An instance of this class hold all of the configuration constants for the parser.

Parameters:
capitalize_name = False

If set, applies capitalize() to HumanName instance.

>>> from nameparser.config import CONSTANTS
>>> CONSTANTS.capitalize_name = True
>>> name = HumanName("bob v. de la macdole-eisenhower phd")
>>> str(name)
'Bob V. de la MacDole-Eisenhower Ph.D.'
empty_attribute_default = ''

Default return value for empty attributes.

>>> from nameparser.config import CONSTANTS
>>> CONSTANTS.empty_attribute_default = None
>>> name = HumanName("John Doe")
>>> name.title
None
>>>name.first
'John'
force_mixed_case_capitalization = False

If set, forces the capitalization of mixed case strings when capitalize() is called.

>>> from nameparser.config import CONSTANTS
>>> CONSTANTS.force_mixed_case_capitalization = True
>>> name = HumanName('Shirley Maclaine')
>>> name.capitalize()
>>> str(name)
'Shirley MacLaine'
initials_delimiter = '.'

The default initials delimiter used for all new HumanName instances. Will be used to add a delimiter between each initial.

initials_format = '{first} {middle} {last}'

The default initials format used for all new HumanName instances.

string_format = '{title} {first} {middle} {last} {suffix} ({nickname})'

The default string format use for all new HumanName instances.

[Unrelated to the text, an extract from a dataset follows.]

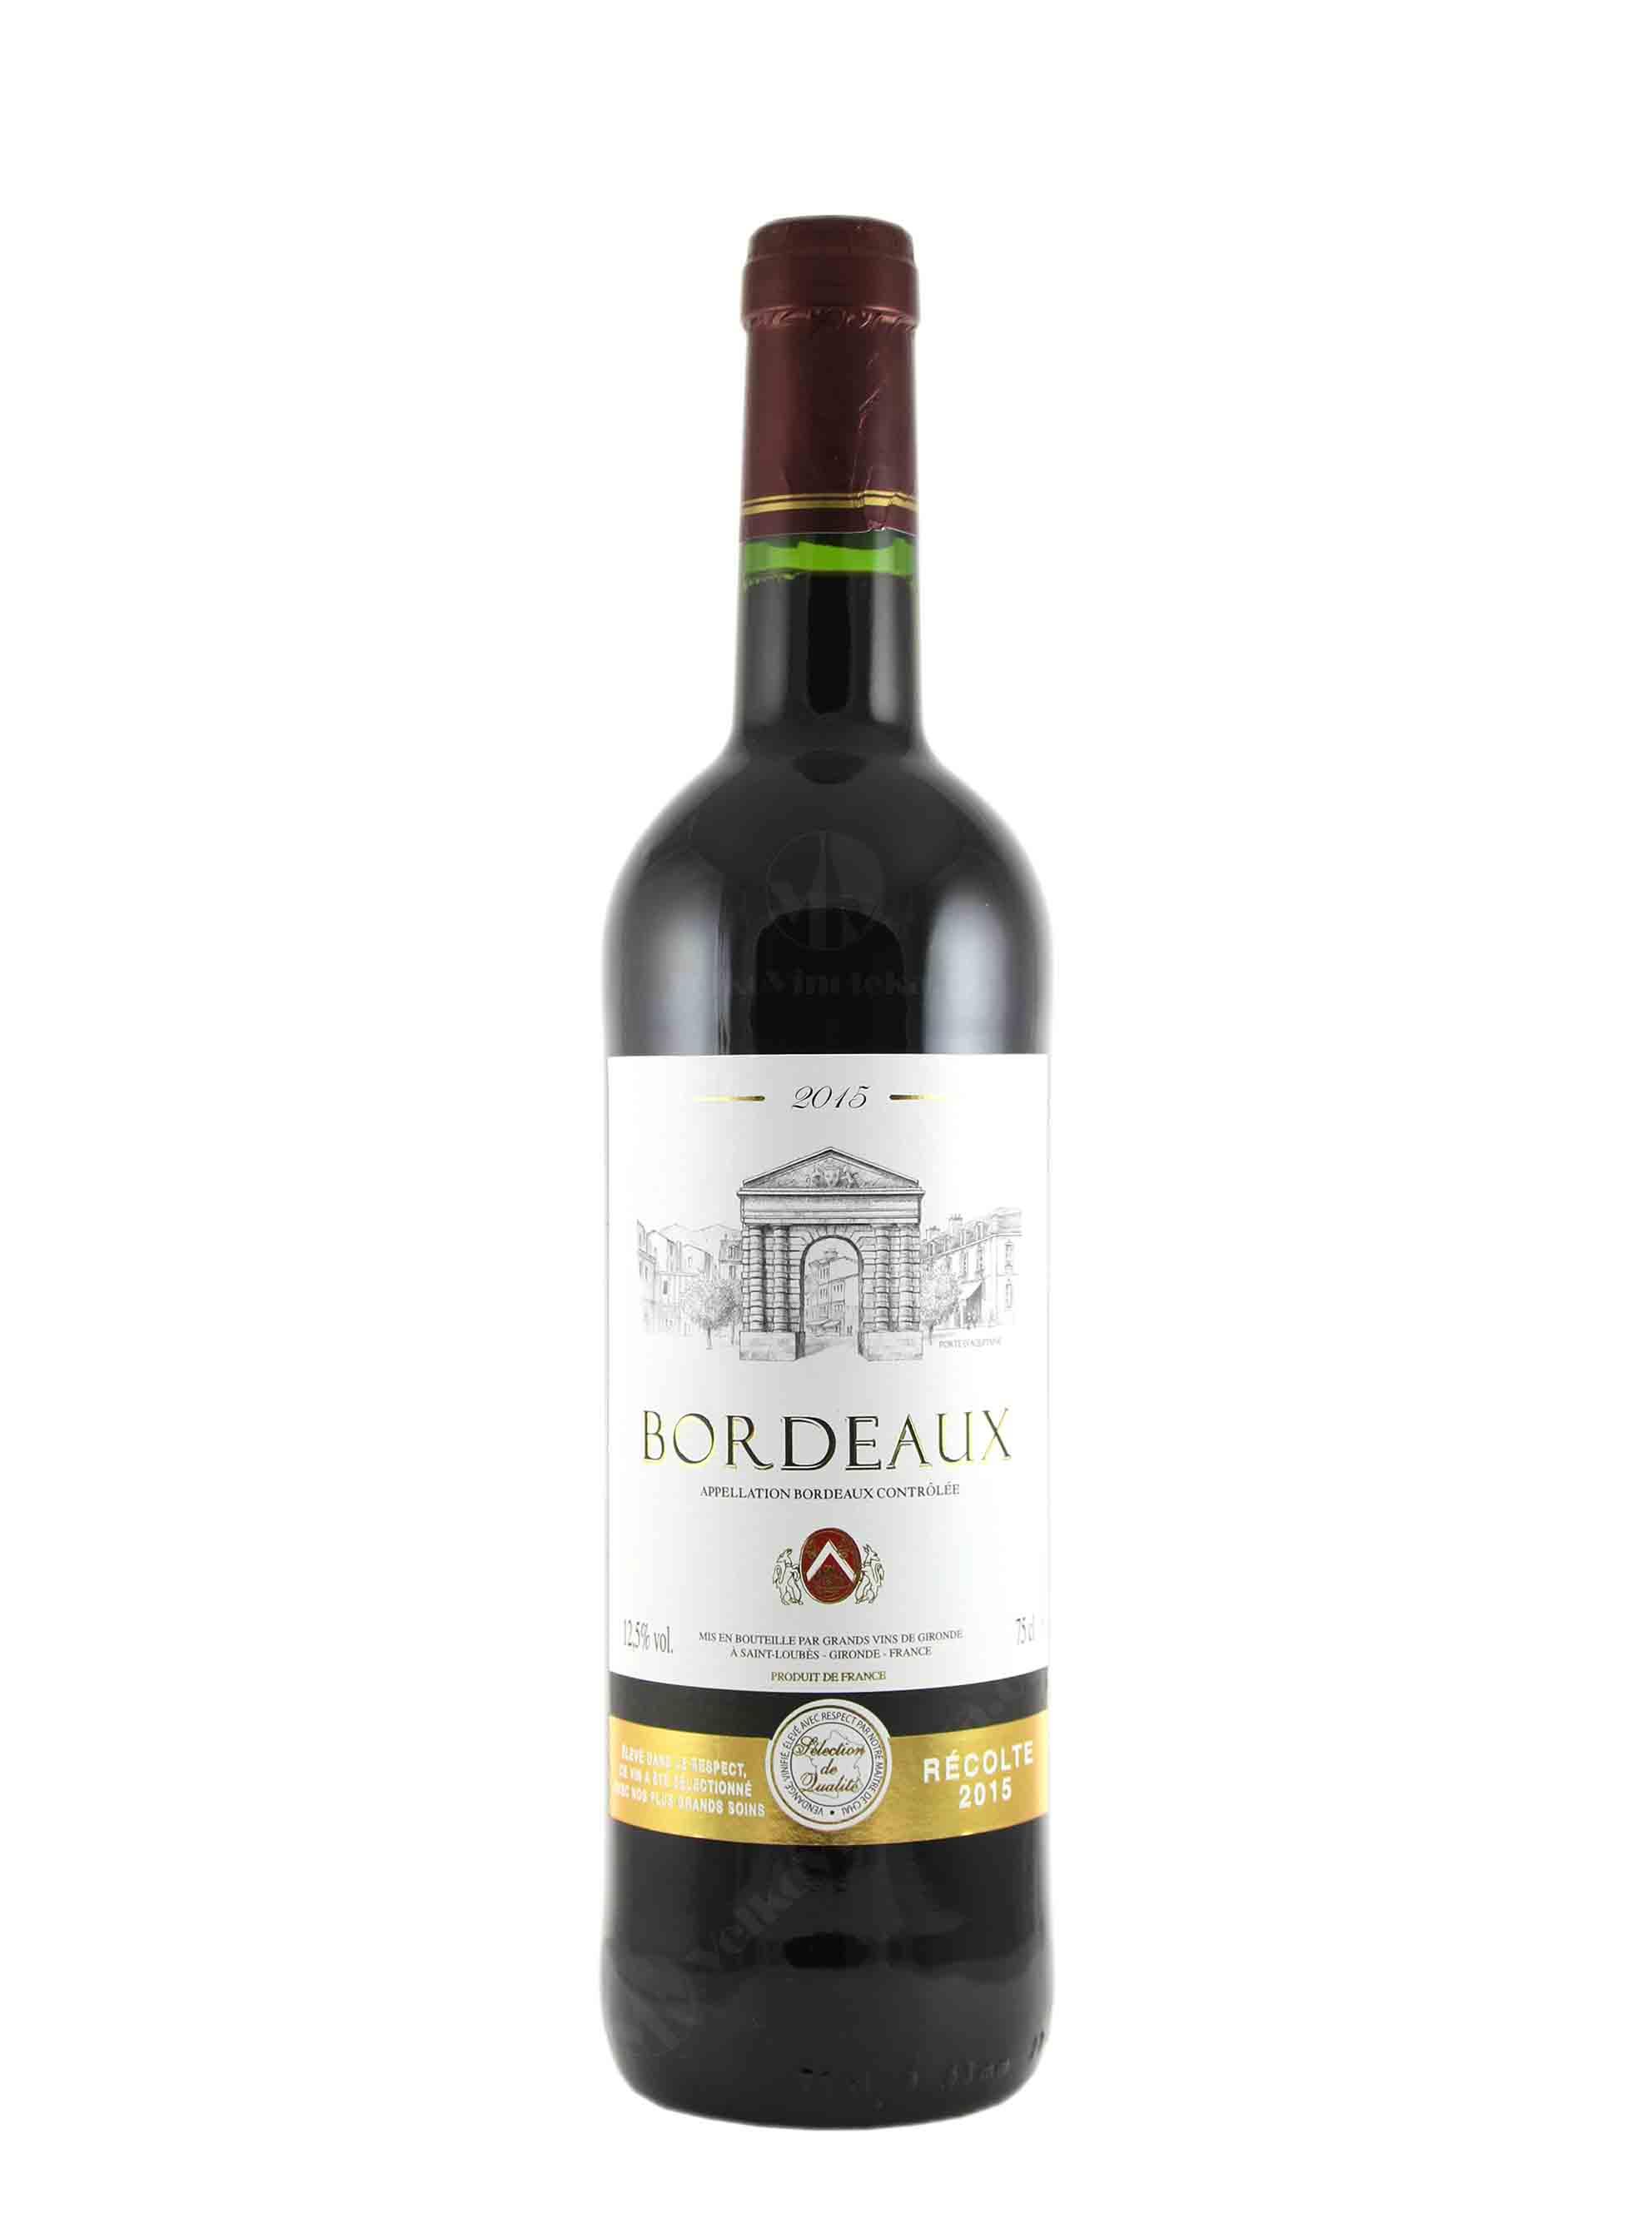 Cuvée, AOC, 2015, Grands Vins de Gironde, 0.75 l

class nameparser.config.SetManager(elements)[source]

Easily add and remove config variables per module or instance. Subclass of collections.abc.Set.

Only special functionality beyond that provided by set() is to normalize constants for comparison (lower case, no periods) when they are add()ed and remove()d and allow passing multiple string arguments to the add() and remove() methods.

add(*strings)[source]

Add the lower case and no-period version of the string arguments to the set. Can pass a list of strings. Returns self for chaining.

add_with_encoding(s, encoding=None)[source]

Add the lower case and no-period version of the string to the set. Pass an explicit encoding parameter to specify the encoding of binary strings that are not DEFAULT_ENCODING (UTF-8).

remove(*strings)[source]

Remove the lower case and no-period version of the string arguments from the set. Returns self for chaining.

class nameparser.config.TupleManager[source]

A dictionary with dot.notation access. Subclass of dict. Makes the tuple constants more friendly.

HumanName.config Defaults

nameparser.config.titles.FIRST_NAME_TITLES = {'aunt', 'auntie', 'brother', 'cheikh', 'dame', 'father', 'king', 'maid', 'master', 'mother', 'pope', 'queen', 'shaik', 'shaikh', 'shayk', 'shaykh', 'sheik', 'sheikh', 'shekh', 'sir', 'sister', 'uncle'}

When these titles appear with a single other name, that name is a first name, e.g. “Sir John”, “Sister Mary”, “Queen Elizabeth”.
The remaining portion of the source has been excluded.